[Start of section]

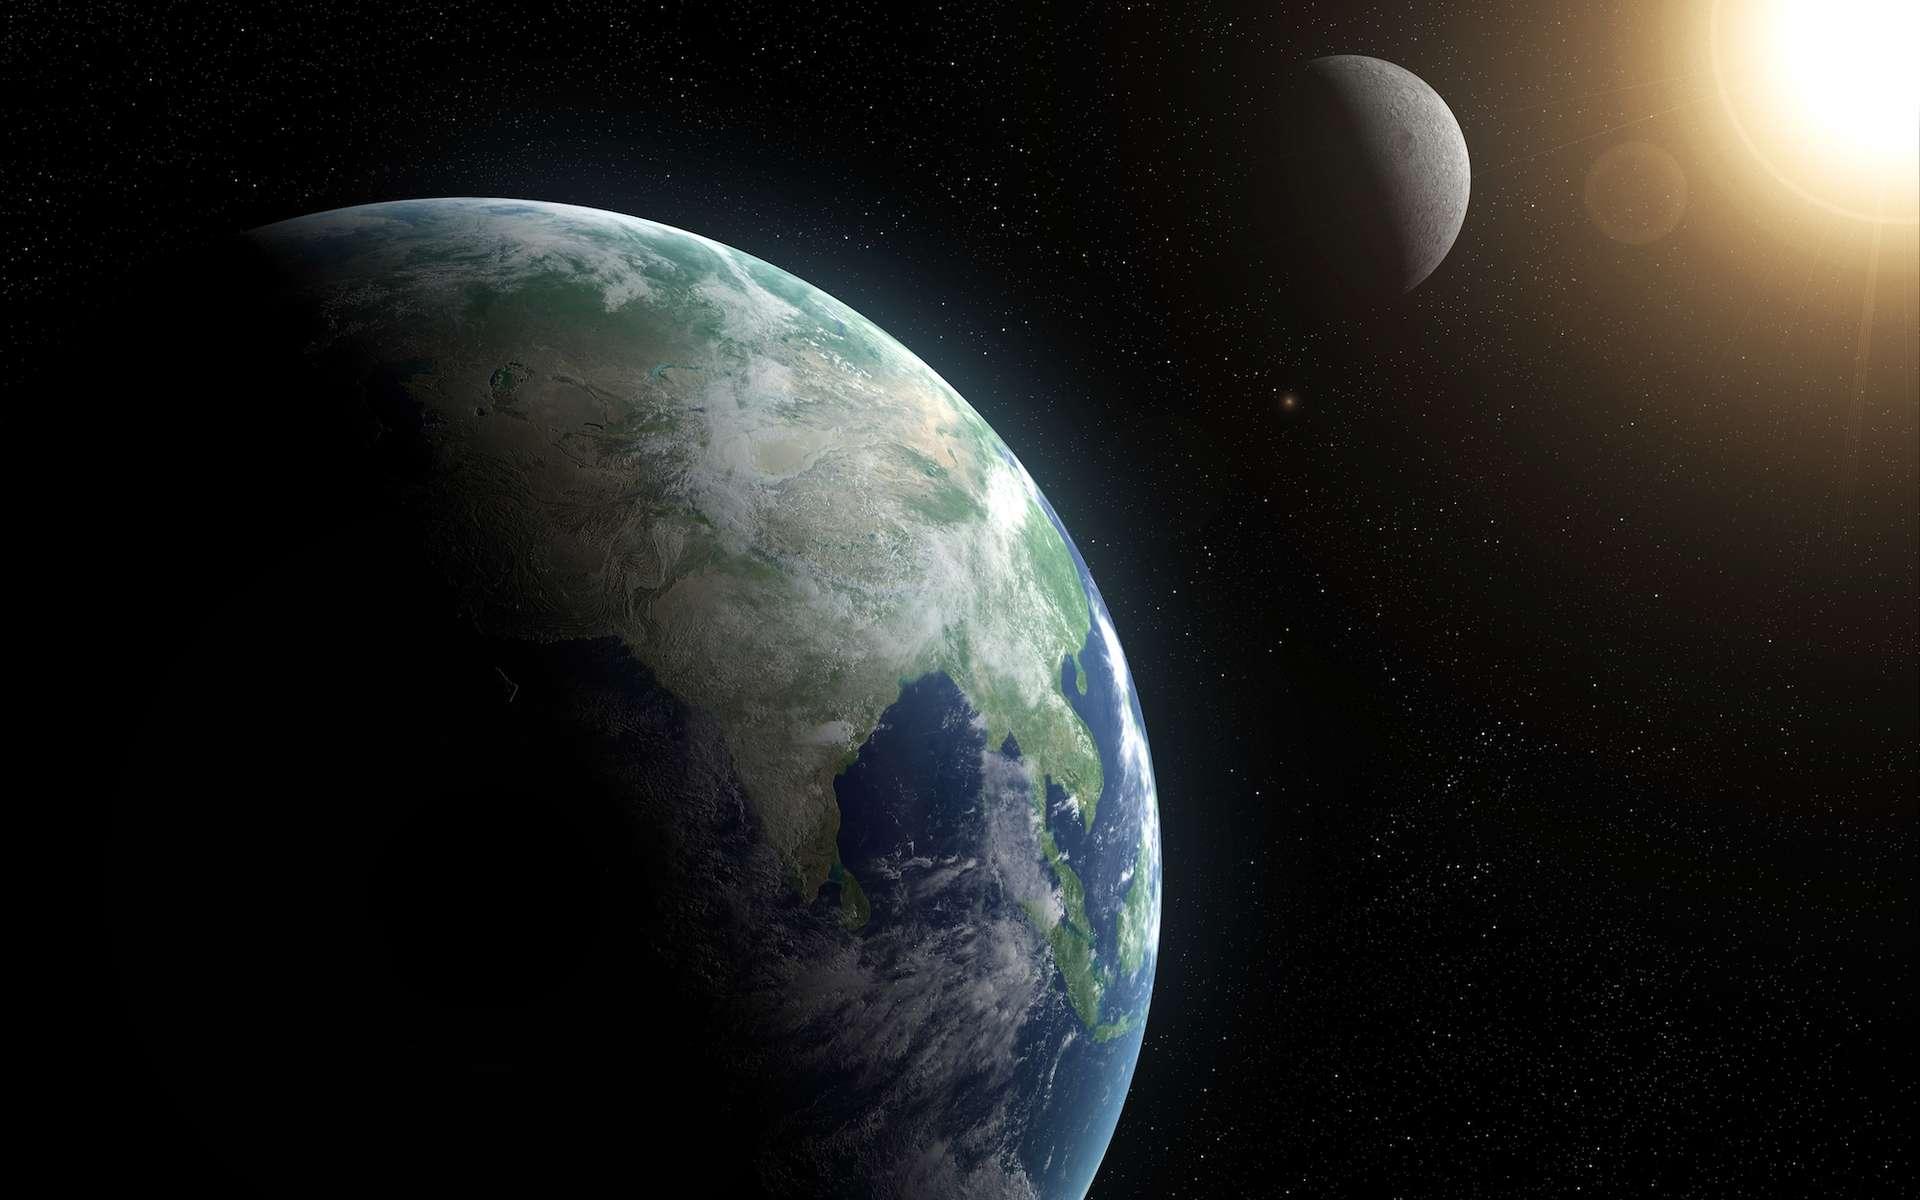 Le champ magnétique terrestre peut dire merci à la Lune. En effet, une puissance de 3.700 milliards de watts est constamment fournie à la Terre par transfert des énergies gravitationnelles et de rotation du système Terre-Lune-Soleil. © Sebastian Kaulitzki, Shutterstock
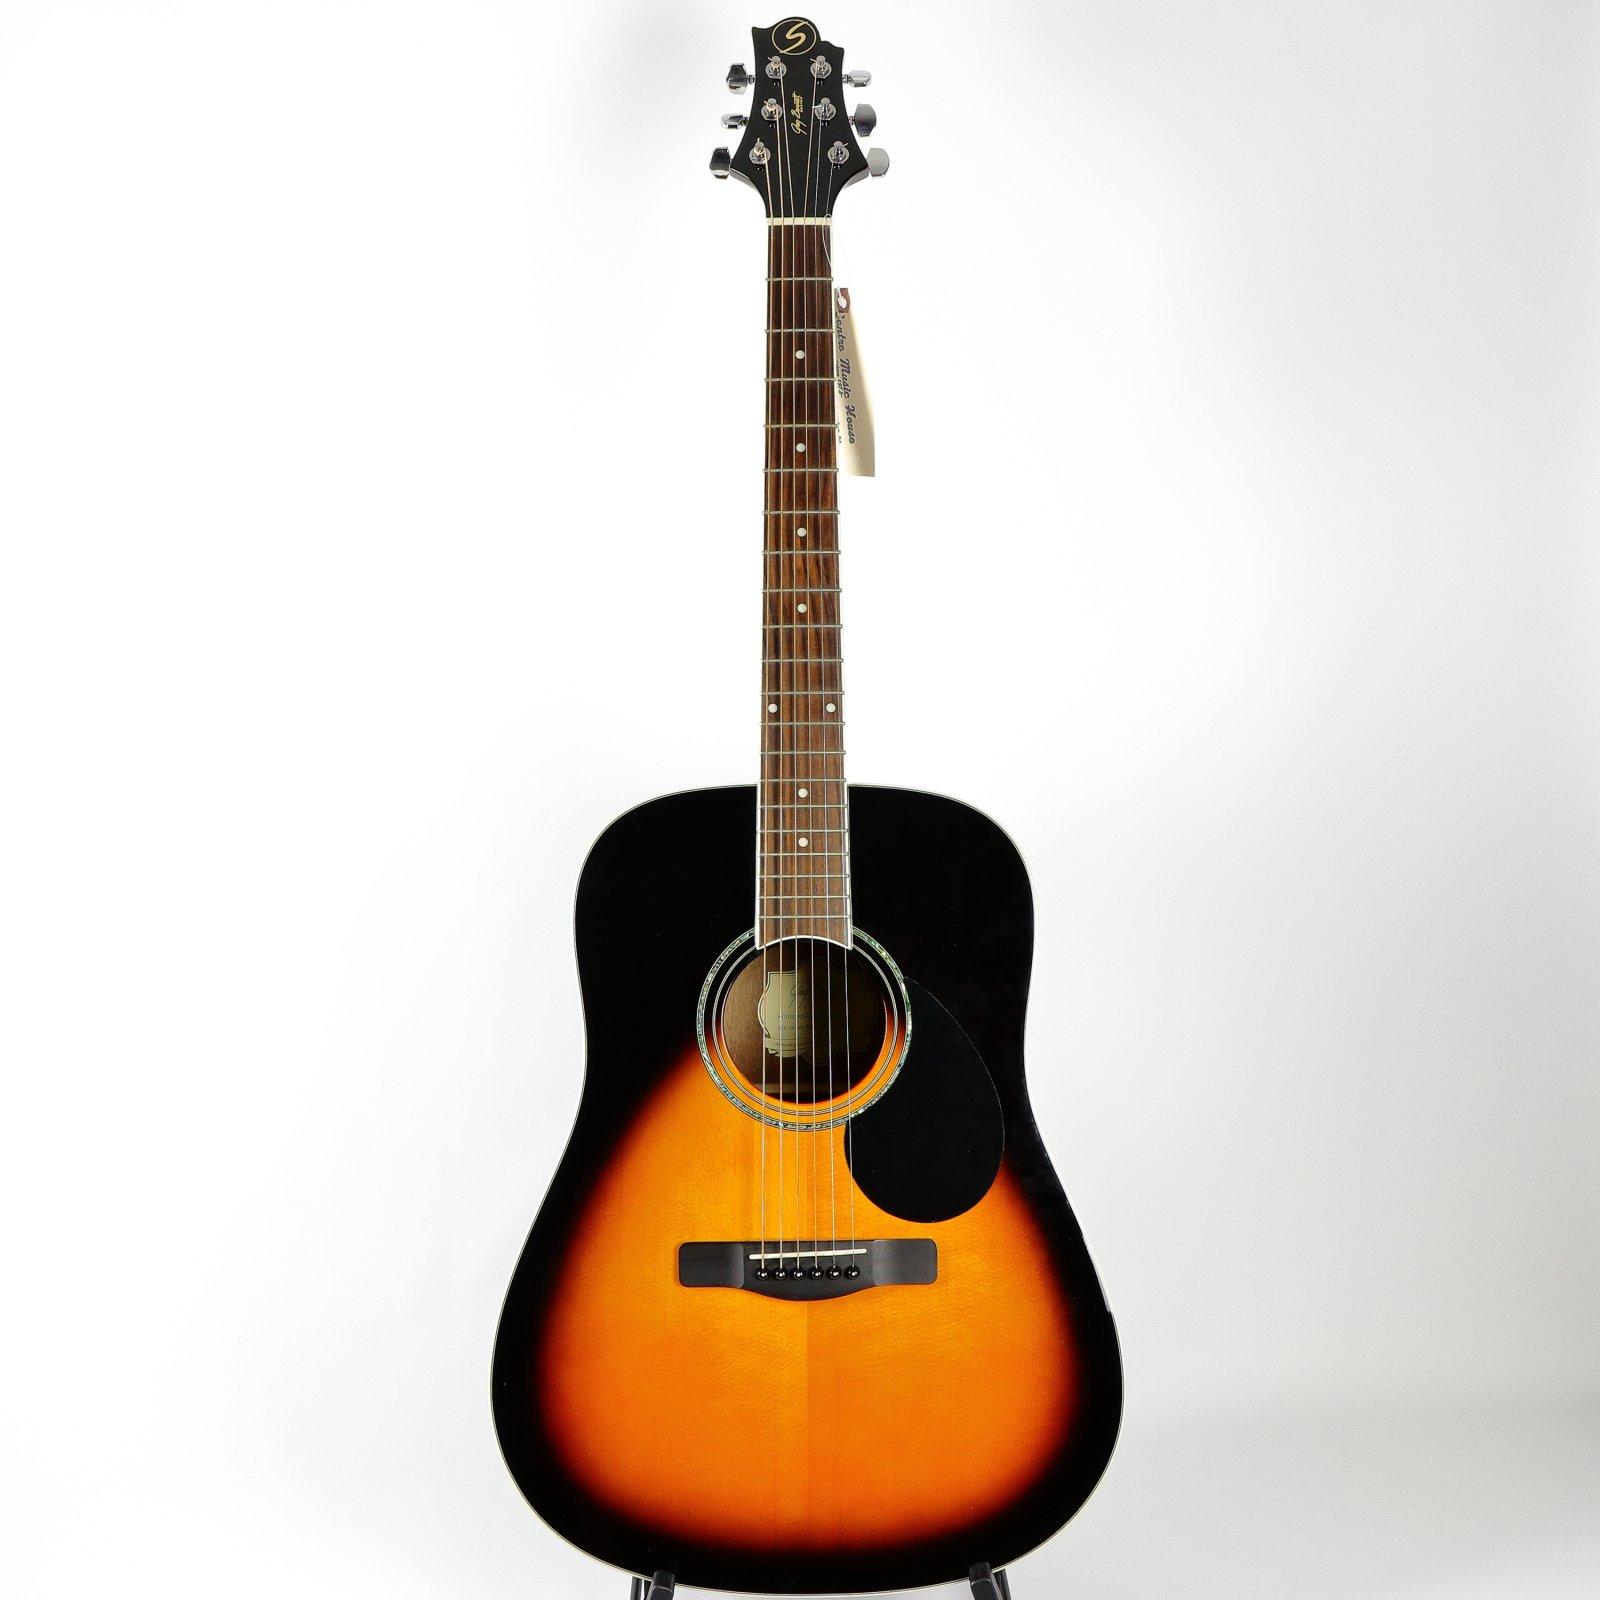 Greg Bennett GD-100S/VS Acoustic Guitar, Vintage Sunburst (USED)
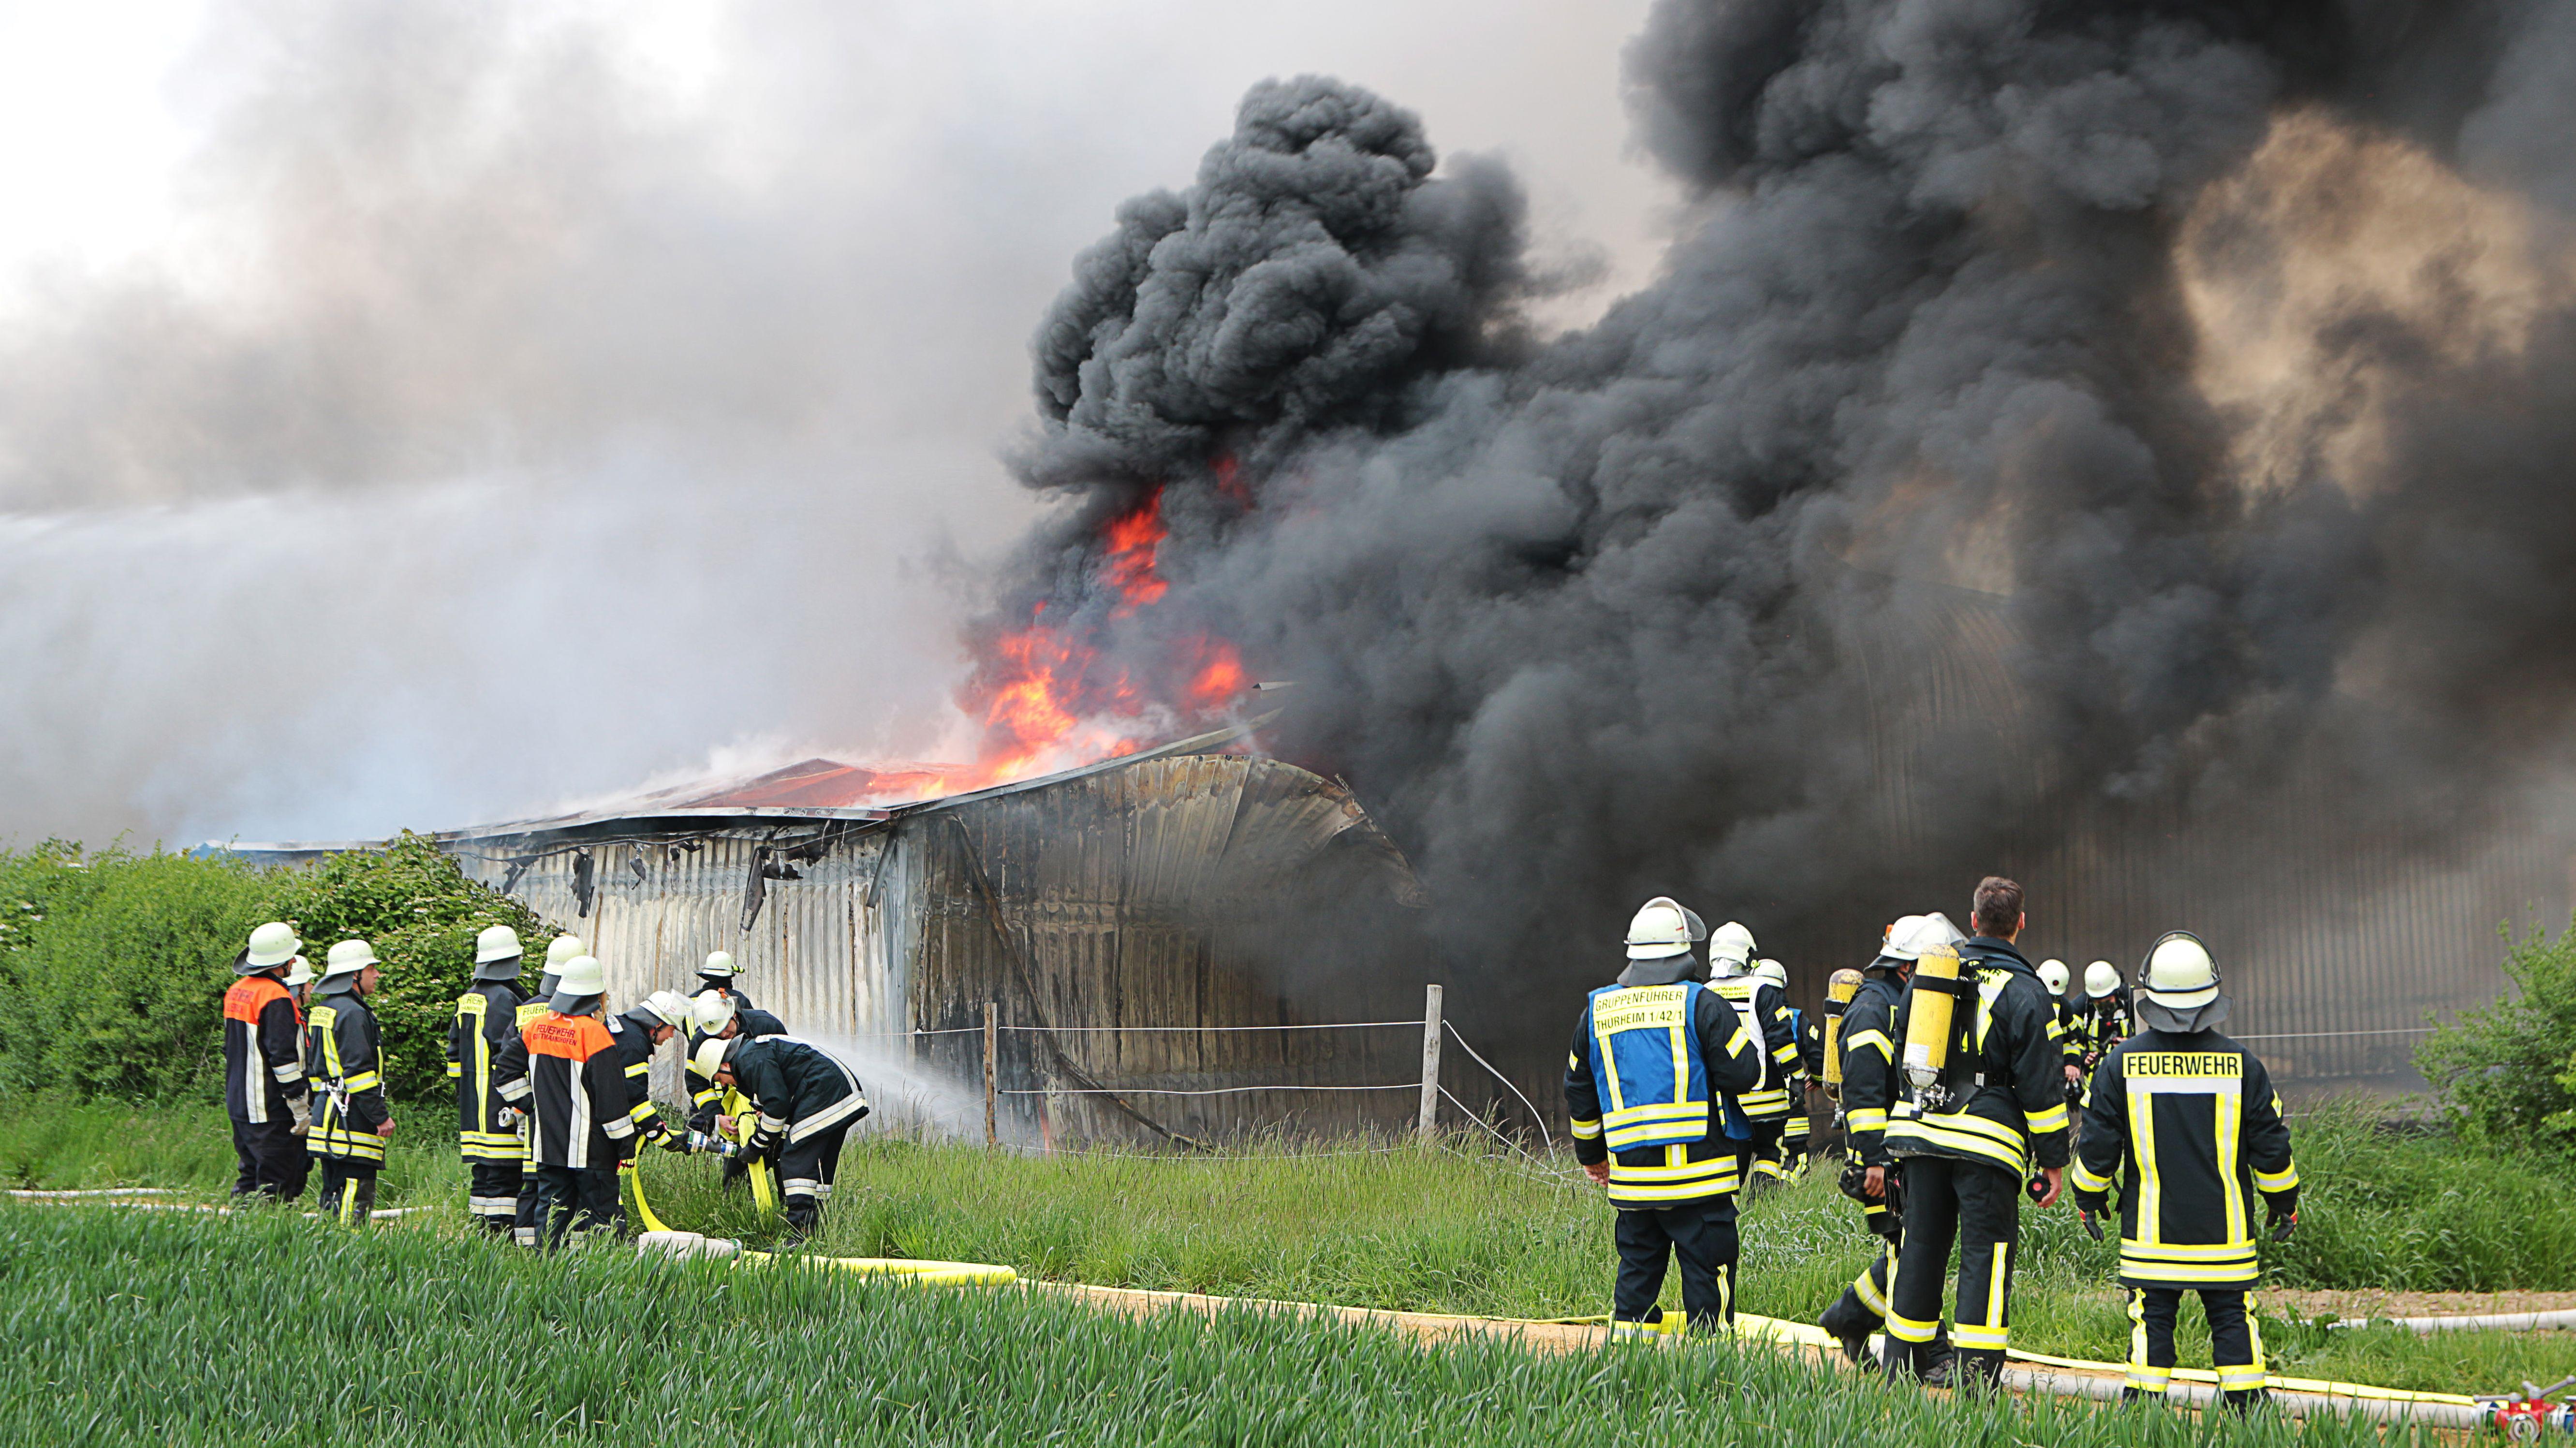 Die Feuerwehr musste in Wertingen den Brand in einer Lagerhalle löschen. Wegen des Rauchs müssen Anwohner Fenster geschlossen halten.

[End of section]

#### [Problem description]
Output the listing above exactly, excluding all pictures.

#### [Solution for this problem]
 Le champ magnétique terrestre peut dire merci à la Lune. En effet, une puissance de 3.700 milliards de watts est constamment fournie à la Terre par transfert des énergies gravitationnelles et de rotation du système Terre-Lune-Soleil. © Sebastian Kaulitzki, Shutterstock
 Greg Bennett GD-100S/VS Acoustic Guitar, Vintage Sunburst (USED)
 Die Feuerwehr musste in Wertingen den Brand in einer Lagerhalle löschen. Wegen des Rauchs müssen Anwohner Fenster geschlossen halten.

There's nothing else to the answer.